It's always the same: Just when you think you own the latest piece of technology, they come out with something just a little bit better.
And 2009 is likely to see the usual slew of tech innovations, says CNET-TV Senior Editor Natali Del Conte, with all kinds of stuff set to debut.
On The Early Show Saturday Edition, Del Conte filled in viewers on what will be new and cool, what will become outmoded, and likely trends in the tech world next year:
Stand-alone portable GPS will begin to die
In-dash navigation and the smartphones now have GPS, so there's no need to buy a standalone system. We saw this happen with the PDA and the MP3 player and, slowly, it's unfolding with the standalone camera.
Mind control gaming systems will be all the rage
These are devices that enable you to control your gaming avatars with your thoughts. They already exist, but none of the major gaming console makers (Sony, Nintendo, or Microsoft) has gotten on board.
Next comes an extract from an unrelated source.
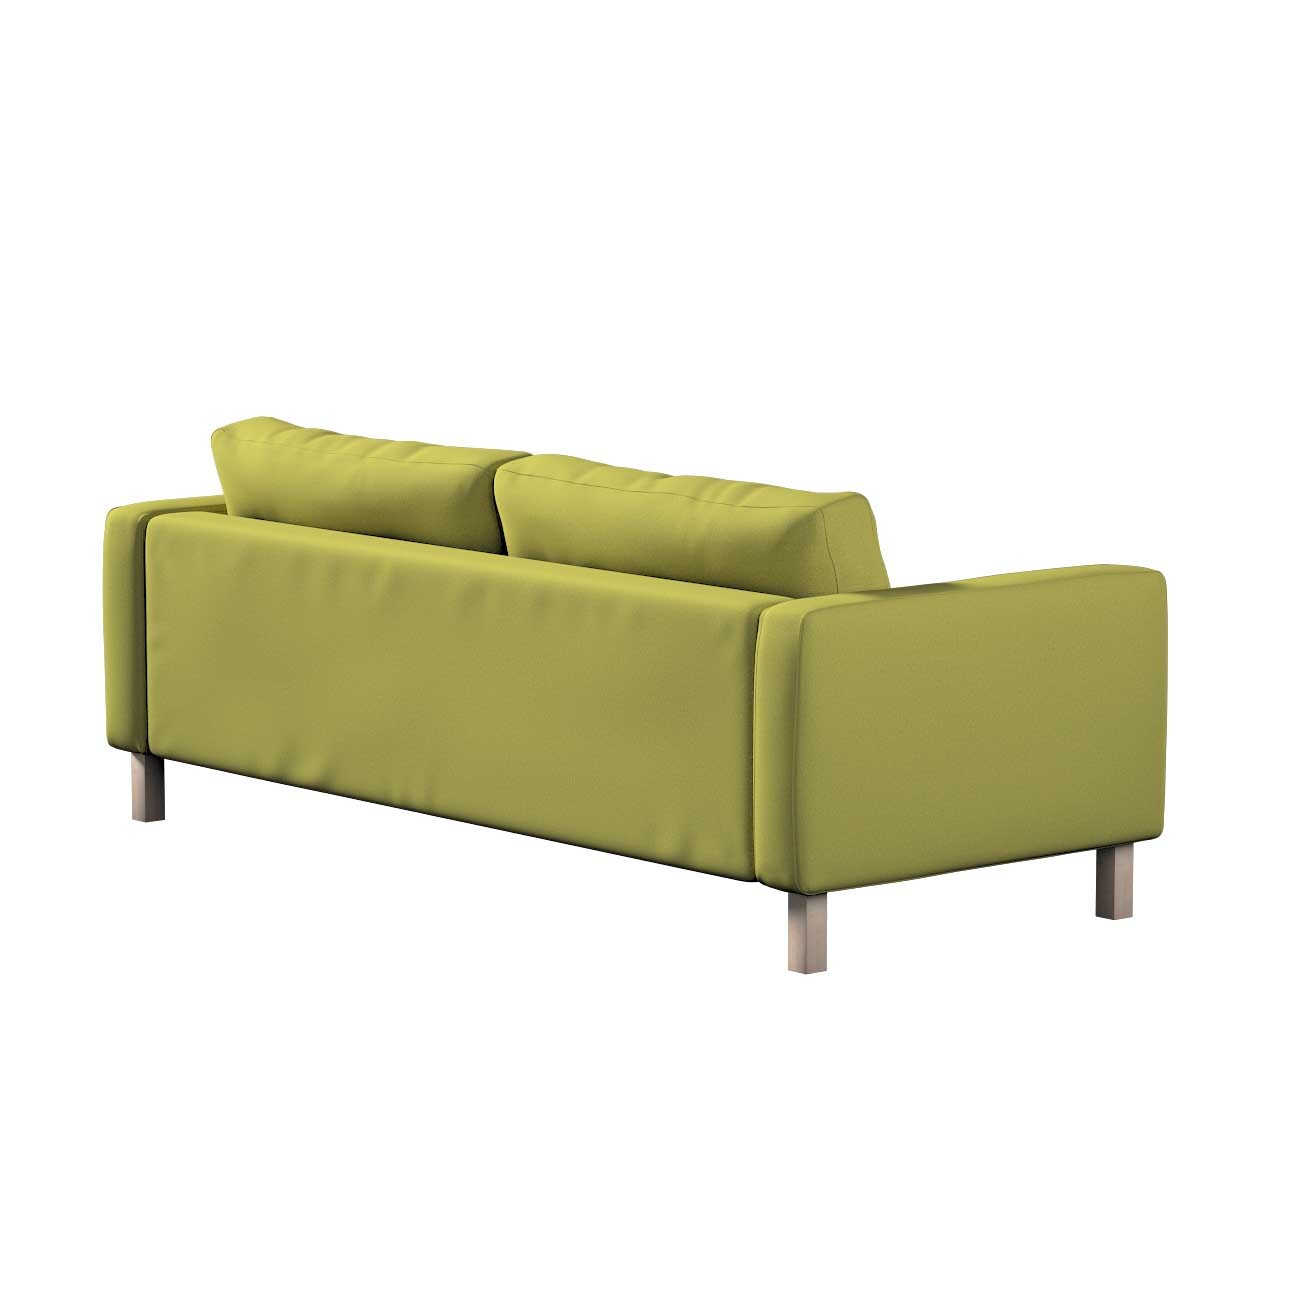 Bezug für Karlstad 3-Sitzer Sofa nicht ausklappbar, kurz, limone, Bezug für günstig online kaufen

Yet.
Android, Google's cell phone operating system, will out-sell iPhone
It won't outsell iPhone on the T-Mobile G1, but we're going to see this operating system on several more phones in 2009. It could become as recognizable on your phone as Windows is on your PC.
OLED TV will become affordable and more popular
Organic Light Emitting Diode means the picture is as clear as can be and the blacks are blacker than in any other picture display. We saw the first OLED TV at last year's Consumer Electronics Show, but it cost more than $2,000 and was only 11 inches. Toshiba and Samsung have already admitted to making these in sizes that are bigger than 11 inches.
Storage will getting cheaper and people will actually use it
This year, we saw gadgets that came with more internal storage, such as the High Definition camcorders. External hard drives are also getting cheaper. You can get a 1 terabyte drive for just over $100. Just a few years ago, that cost $1 million! A terabyte is enough to store approximately 5,000 entire books, so it should hold all the music and photos and videos for one family. Consumers are backing their data up more often and buying these drives, which is partially why the price is coming down.